Michael Barone‘s latest contribution to the Washington Examiner discusses the failures of the Obama administration’s efforts to manipulate the economy:

[I]n this summer of unrecovery, it’s still important to understand how so many smart people got so much so wrong.

One answer comes from economist Arnold Kling writing for american.com. Kling argues that the collapse of the housing market and the financial crisis disrupted what had been “a sustainable pattern of specialization and trade” and that we need to let the market economy develop a new one.

Instead, the policies of the Obama Democrats have been aimed at propping up the old order — holding up housing prices and the mortgage market, keeping the Detroit auto companies in place, maintaining the lush standard of living of public employee union members (the purpose of the $26 billion the House was summoned back to Washington to approve Tuesday).

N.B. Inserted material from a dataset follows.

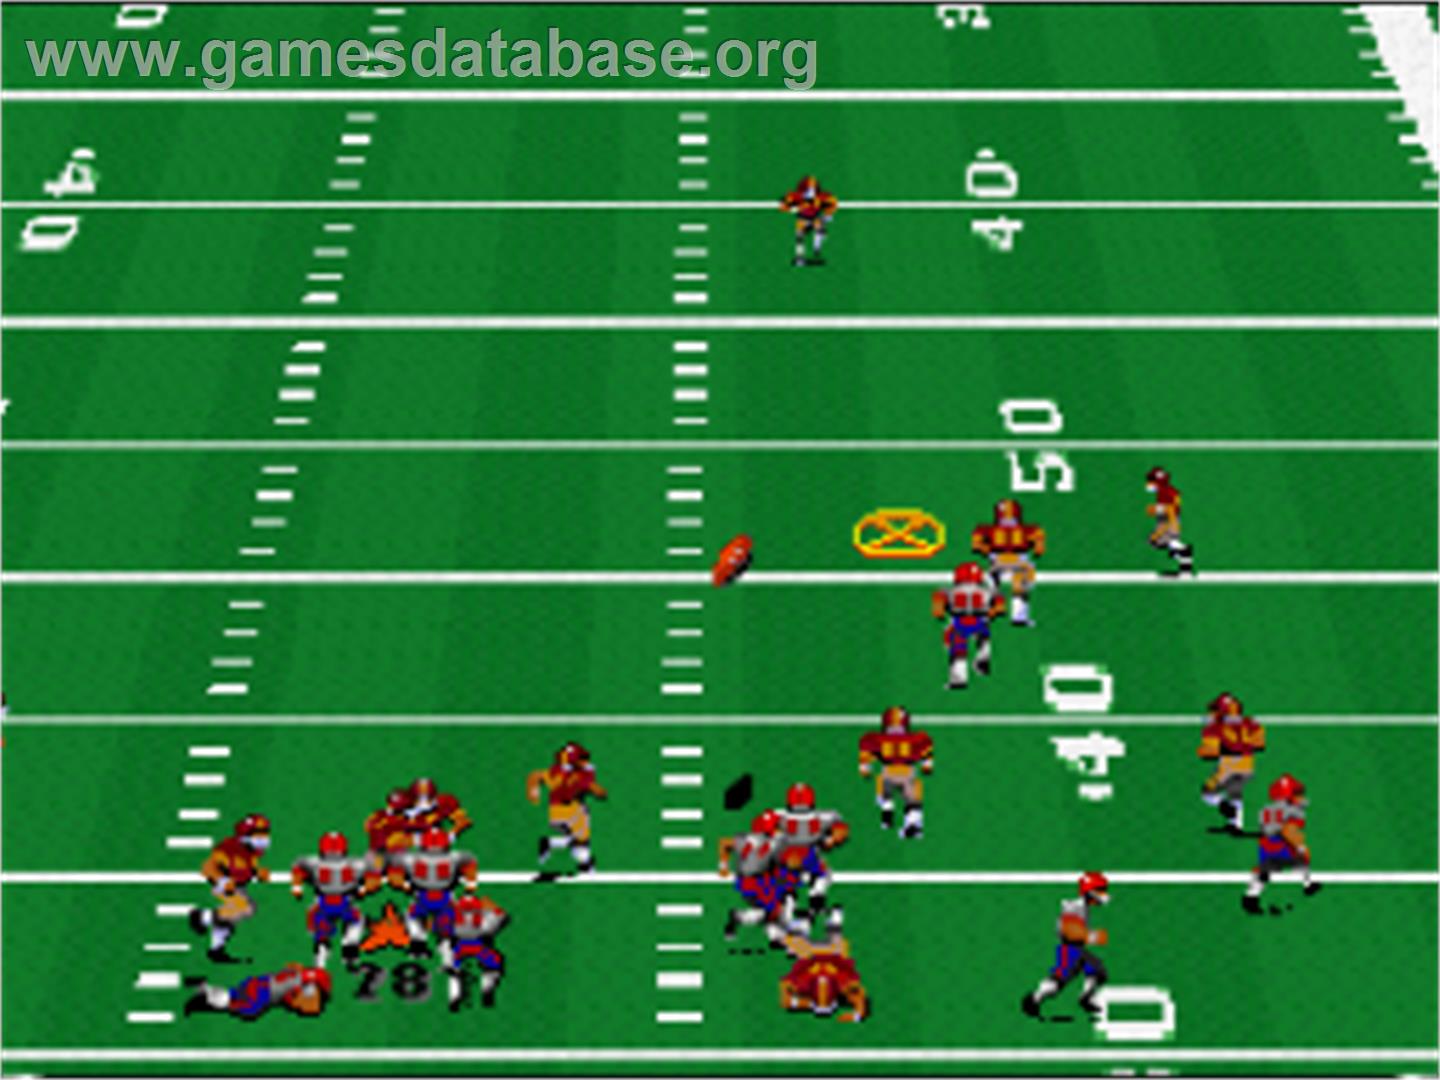 John Madden Football '93 - Nintendo SNES - Artwork - In Game

Maintaining unsustainable patterns of production, Kling writes, prevents the trial-and-error process of private investment that creates new jobs and patterns of production that will be sustainable.

Across the Atlantic, Marc De Vos, director of the Itinera Institute, a Brussels think tank, advances similar arguments in his book “After the Meltdown.” The financial crisis, he argues, has brought a revival of “state capitalism,” in which governments “have an increased and distorting role in economics.”

“The state should be the partner of the market, not the owner or manipulator of the market,” he writes. “Governments should not pick economic winners and losers. The state may be back, but the politicians should be modest.”

Modesty, unfortunately, is not the dominant character trait of a president who predicted that his election would be seen as “the moment when the rise of the oceans began to slow and our planet began to heal.”

But facts are stubborn things. The fact that the private sector economy has not responded as administration economists expected and confidently predicted should be a wake-up call.

It shows the limits of expert knowledge and the ability of political actors to make optimal economic choices.